Stochastic-Constrained Stochastic Optimization with Markovian Data
This work addresses constrained optimization problems for machine learning applications where data dependencies are Markovian, offering incremental improvements over existing methods for specific scenarios.
The paper tackles stochastic-constrained optimization with non-i.i.d. Markovian data by generalizing the drift-plus-penalty framework to this setting, proposing two adaptive variants that handle known or unknown mixing times, and demonstrates effectiveness in classification with fairness constraints, achieving competitive performance in experiments.
This paper considers stochastic-constrained stochastic optimization where the stochastic constraint is to satisfy that the expectation of a random function is below a certain threshold.
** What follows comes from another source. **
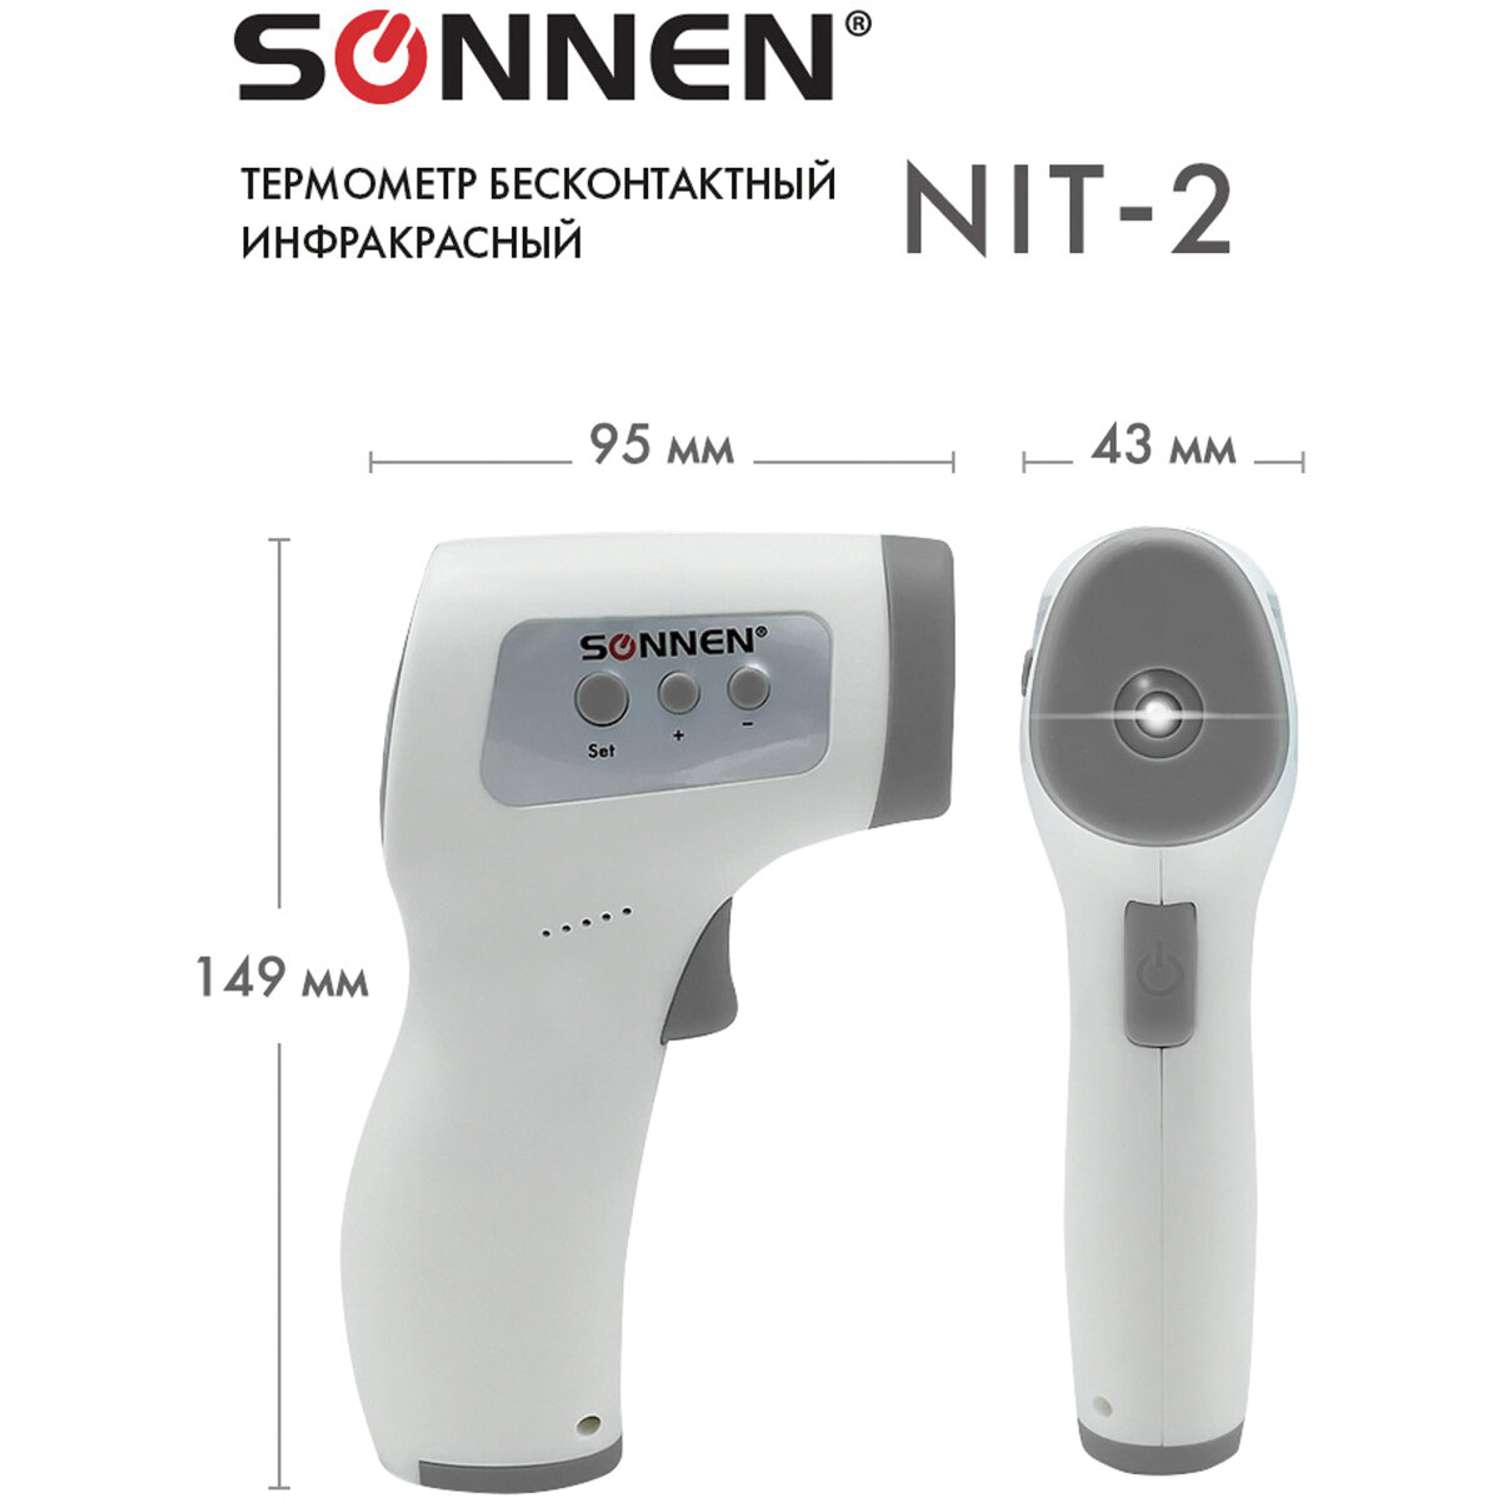 Термометр Sonnen бесконтактный инфракрасный NIT-2 GP-300 электронный - фото 10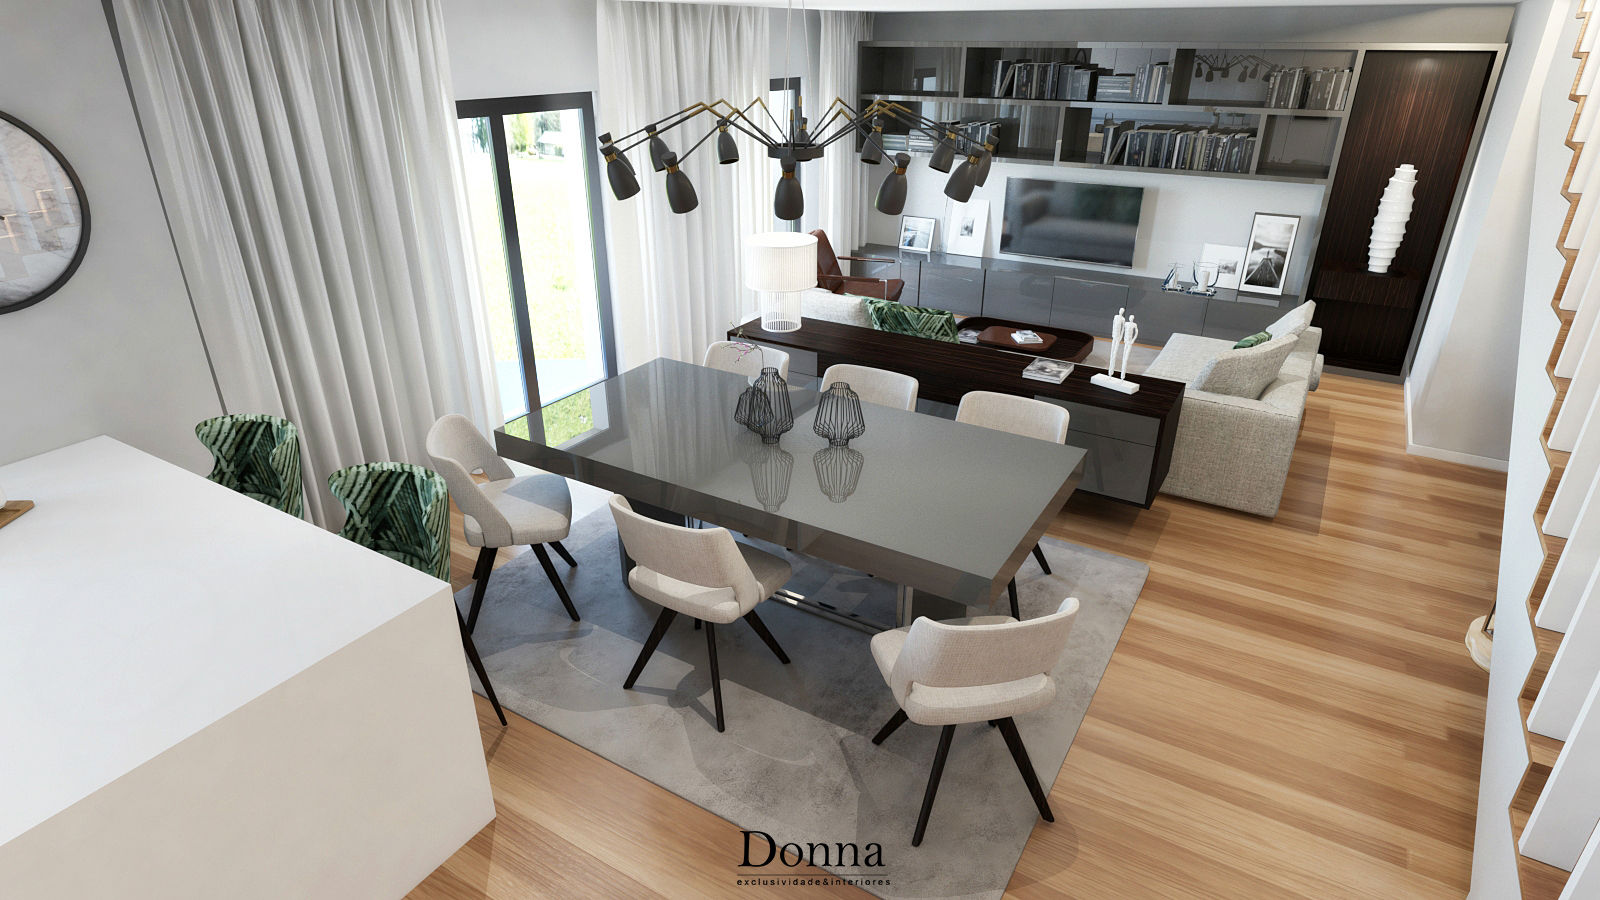 Apartamento Duplex no Porto, Donna - Exclusividade e Design Donna - Exclusividade e Design Modern dining room Lighting

In particular, we study the setting where data samples are drawn from a Markov chain and thus are not independent and identically distributed. We generalize the drift-plus-penalty framework, a primal-dual stochastic gradient method developed for the i.i.d. case, to the Markov chain sampling setting. We propose two variants of drift-plus-penalty; one is for the case when the mixing time of the underlying Markov chain is known while the other is for the case of unknown mixing time. In fact, our algorithms apply to a more general setting of constrained online convex optimization where the sequence of constraint functions follows a Markov chain. Both algorithms are adaptive in that the first works without knowledge of the time horizon while the second uses AdaGrad-style algorithm parameters, which is of independent interest. We demonstrate the effectiveness of our proposed methods through numerical experiments on classification with fairness constraints.